This GitHub repository contains the code for the implementation and evaluation of the Heterogeneous Graph Transformer (HGT) architecture proposed in the master thesis titled "Improving Heterogeneous Graph Transformer Architecture for Processing Heterogeneous Graphs".

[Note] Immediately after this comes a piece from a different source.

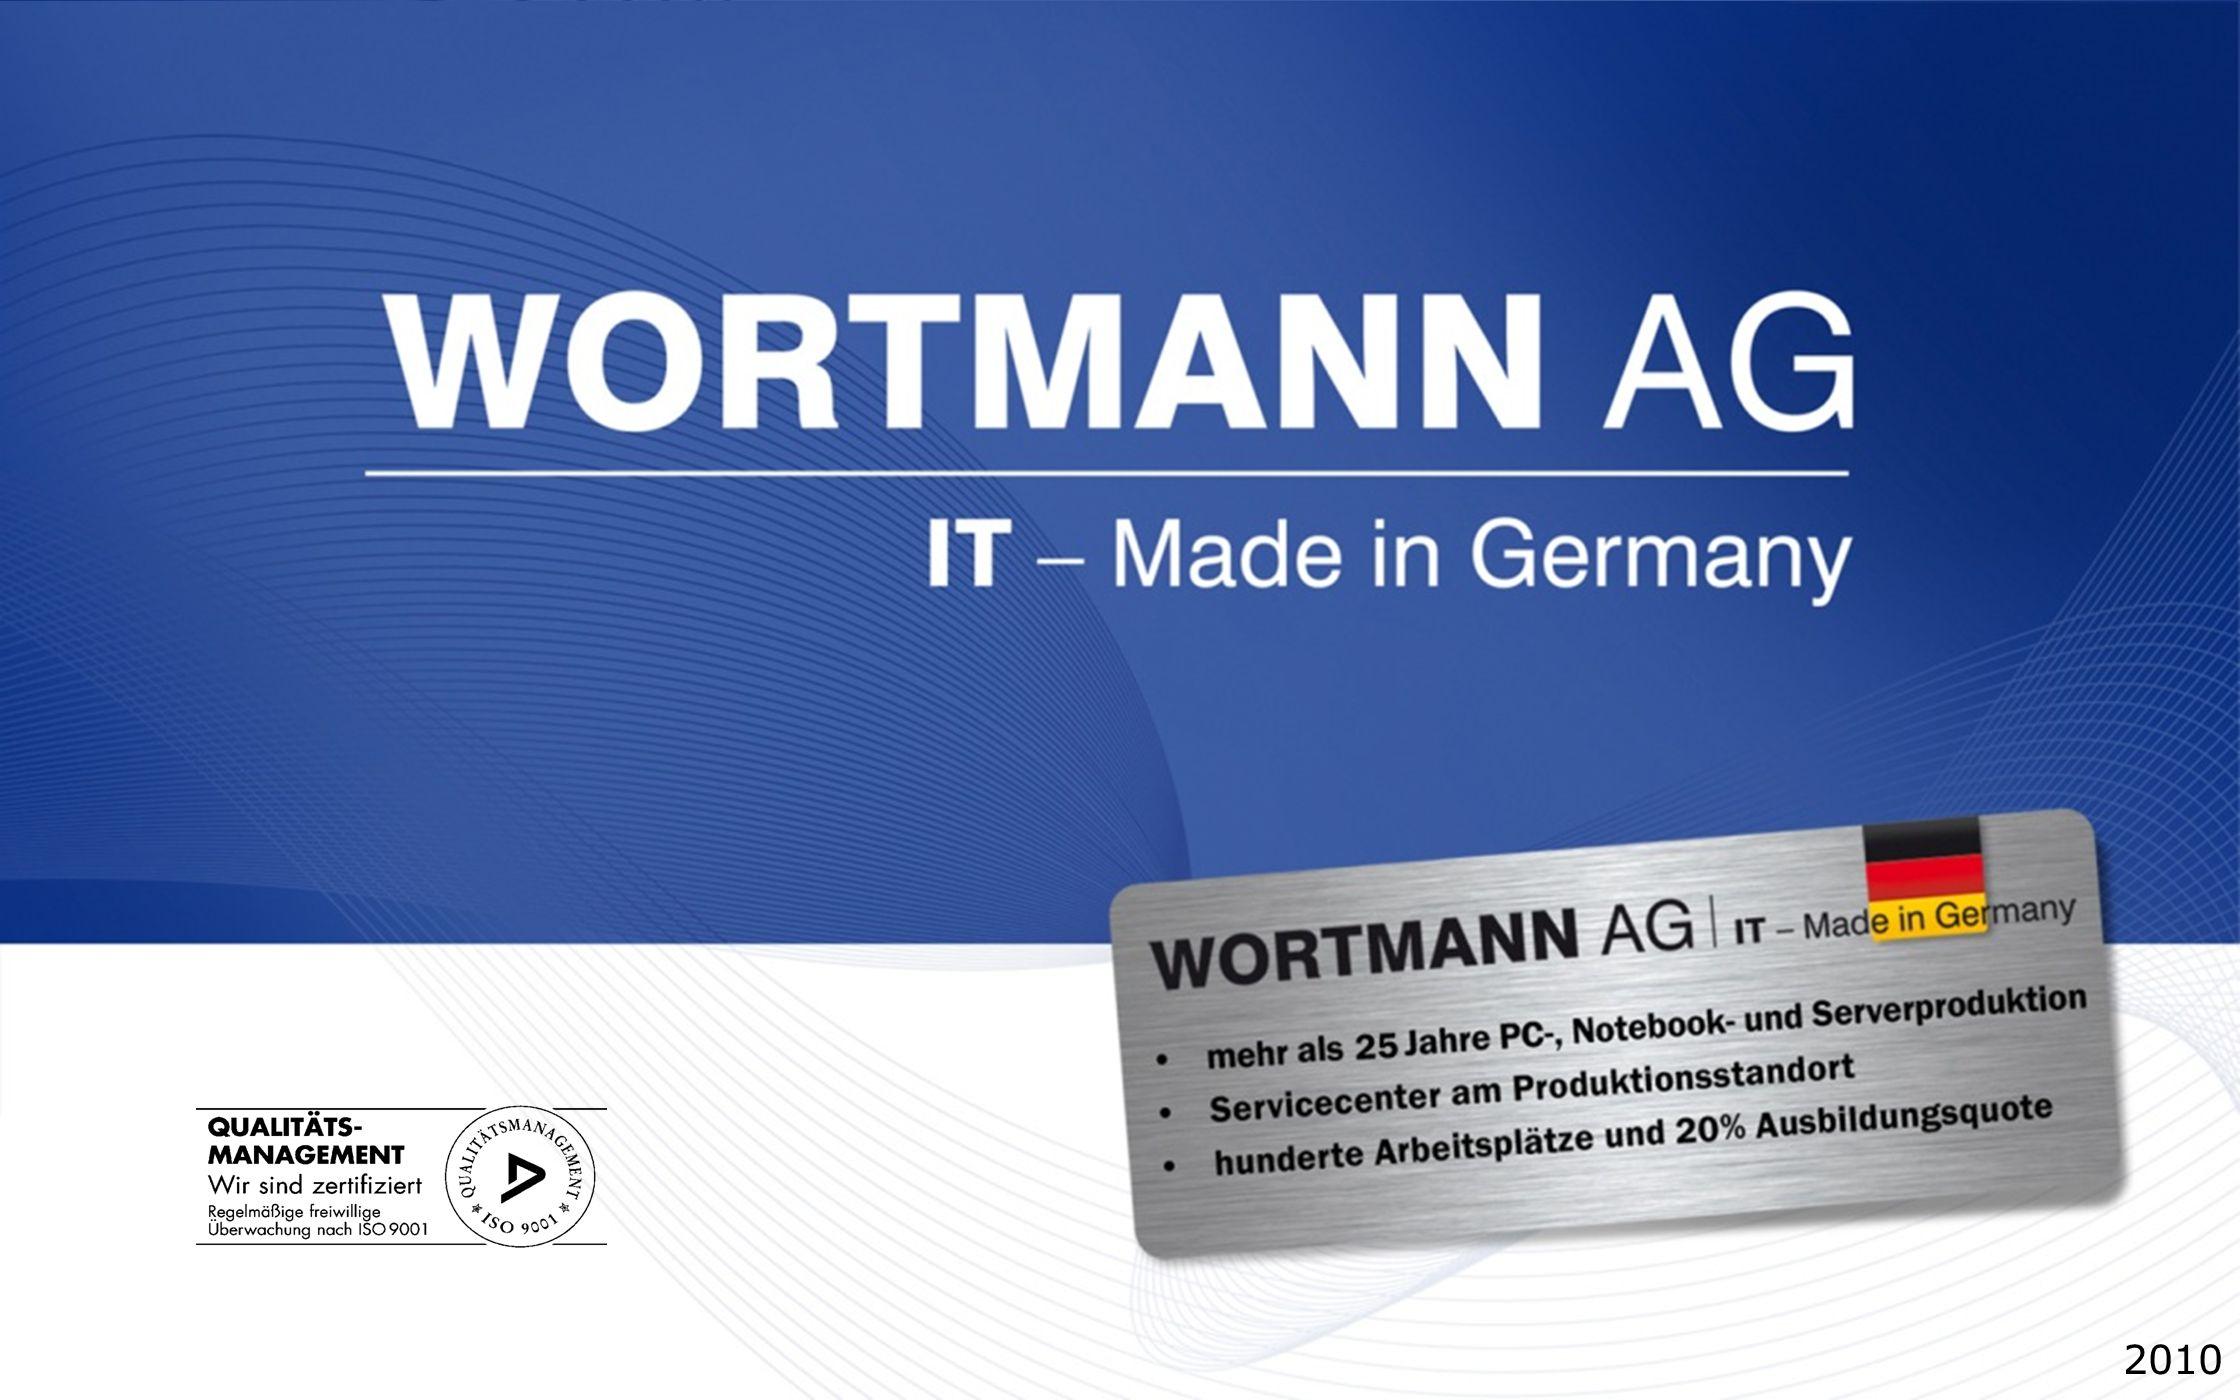 www.wortmann.de Statements Microsoft Achim Berg, Vorsitzender der Geschäftsführung Microsoft Deutschland und Area Vice President International: Seit über 16 Jahren verbindet Microsoft und die WORTMANN AG eine enge Partnerschaft in der Betreuung von Systemhäusern und Fachhändlern.

$ pip install -r requirements.txt
Preprocessed ACM can be found in: https://pan.baidu.com/s/1V2iOikRqHPtVvaANdkzROw key:50k2 or https://github.com/Jhy1993/HAN/tree/master/data/acm
Preprocessed DBLP can be found in: https://pan.baidu.com/s/1Qr2e97MofXsBhUvQqgJqDg key:6b3h or https://github.com/Jhy1993/HAN/tree/master/data/DBLP_four_area
Preprocessed IMDB can be found in: https://pan.baidu.com/s/199LoAr5WmL3wgx66j-qwaw key: qkec or https://raw.githubusercontent.com/Jhy1993/HAN/master/data/imdb/movie_metadata.csv
The HGT architecture is implemented using the code provided by the authors in their official paper https://arxiv.org/pdf/2003.01332.pdf The most important files in this projects are as follow:
-
Model
- model_base.iypnb --> Simple HGT implementation
- model_com_embedding.ipynb --> HGT with integration of community embedding as trainable vector
-
Data
- data.ipynb --> Datasets download and graph building
- ogb-3.ipynb --> ogb dataset download and graph building
-
Experiments
- train_ComEmb.ipynb --> Model training with comuunities embeddings
- train_Optuna_FastRP.ipynb --> Model training and tuning FastRP hyperparameters via Optuna
- train_base.ipynb --> Base Model training
- train_base_optuna.ipynb --> Model training and tuning HGT hyperparameters via Optuna
-
Features Engineering
- communities.ipynb --> Add Features from communities
- node_embedding.ipynb --> Add features from node embedding
- utils.ipynb --> Add fetaures from properties and stucture of graph
-
FastRP
- fastRP_impl.ipynb --> Implementaion of FastRP algorithm